Author : John Taliaferro
Publisher : Public Affairs
Page : 478 pages
File Size : 13,38 MB
Release : 2007-10-09
Category : History
ISBN : 158648611X
Gutzon Borglum, the sculptor of Mount Rushmore National Memorial, hoped that ten thousand years from now, when archaeologists came upon the four sixty-foot presidential heads carved in the Black Hills of South Dakota, they would have a clear and graphic understanding of American civilization. Borglum, the child of Mormon polygamists, had an almost Ahab-like obsession with Colossalism--a scale that matched his ego and the era.
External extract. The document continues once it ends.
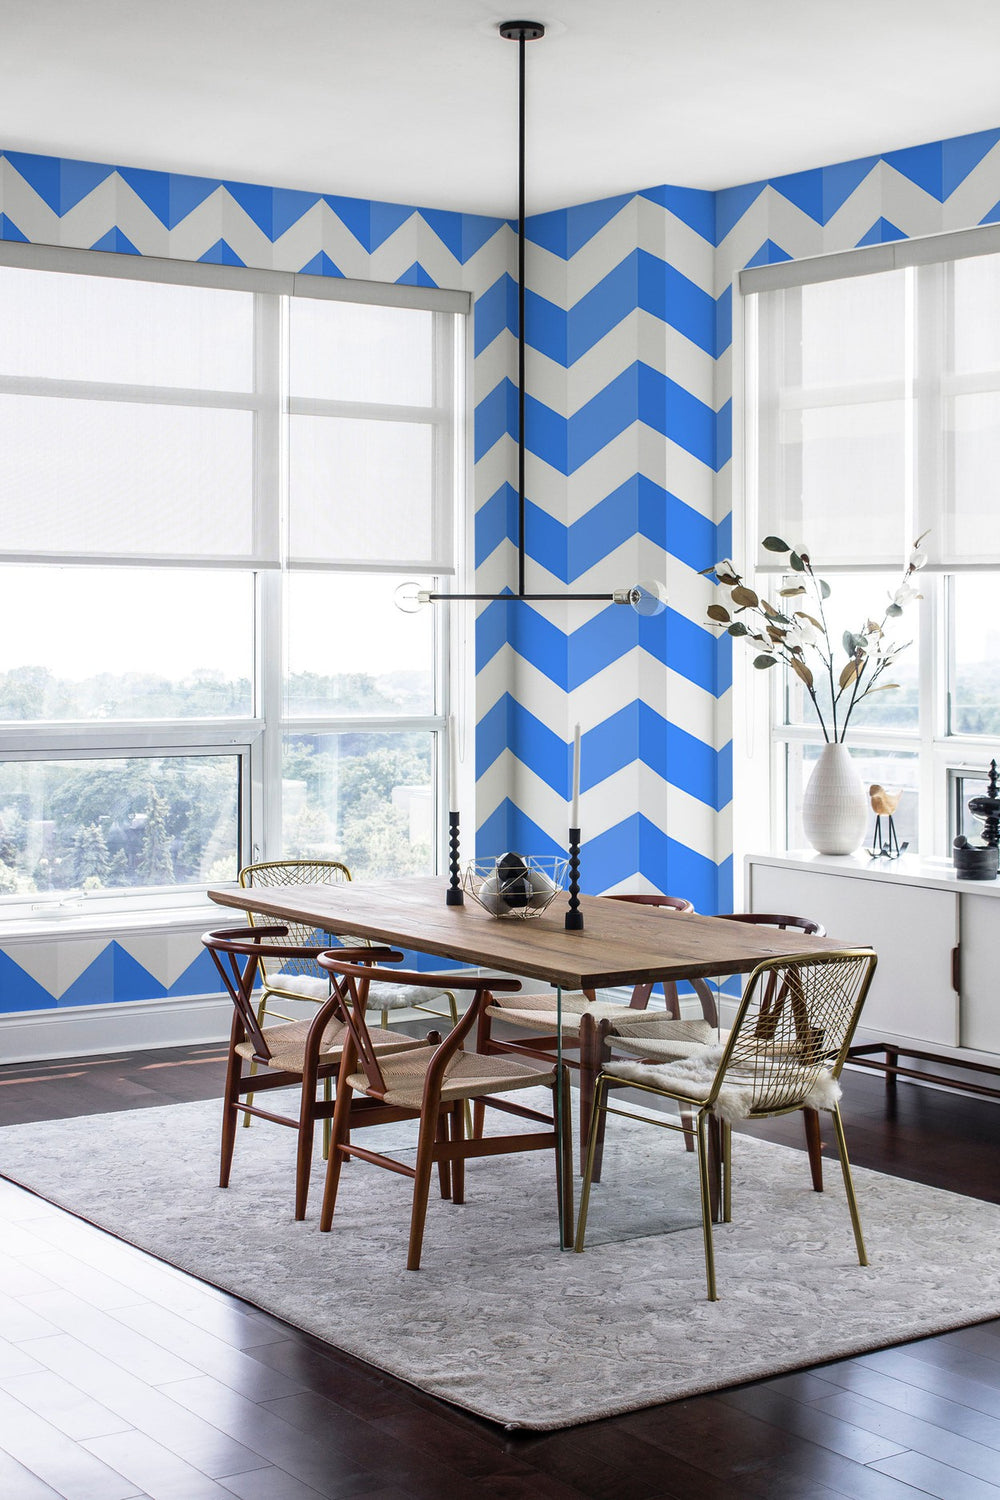 Contemporary dining room with a blue and white chevron pattern wall mural, wooden table, and stylish chairs.

He learned how to be a celebrity from Auguste Rodin; how to be a political bully from Teddy Roosevelt. He ran with the Ku Klux Klan and mingled with the rich and famous from Wall Street to Washington. Mount Rushmore was to be his crowning achievement, the newest wonder of the world, the greatest piece of public art since Phidias carved the Parthenon. But like so many episodes in the saga of the American West, what began as a personal dream had to be bailed out by the federal government, a compromise that nearly drove Borglum mad. Nor in the end could he control how his masterpiece would be received. Nor its devastating impact on the Lakota Sioux and the remote Black Hills of South Dakota. Great White Fathers is at once the biography of a man and the biography of a place, told through travelogue, interviews, and investigation of the unusual records that one odd American visionary left behind. It proves that the best American stories are not simple; they are complex and contradictory, at times humorous, at other times tragic.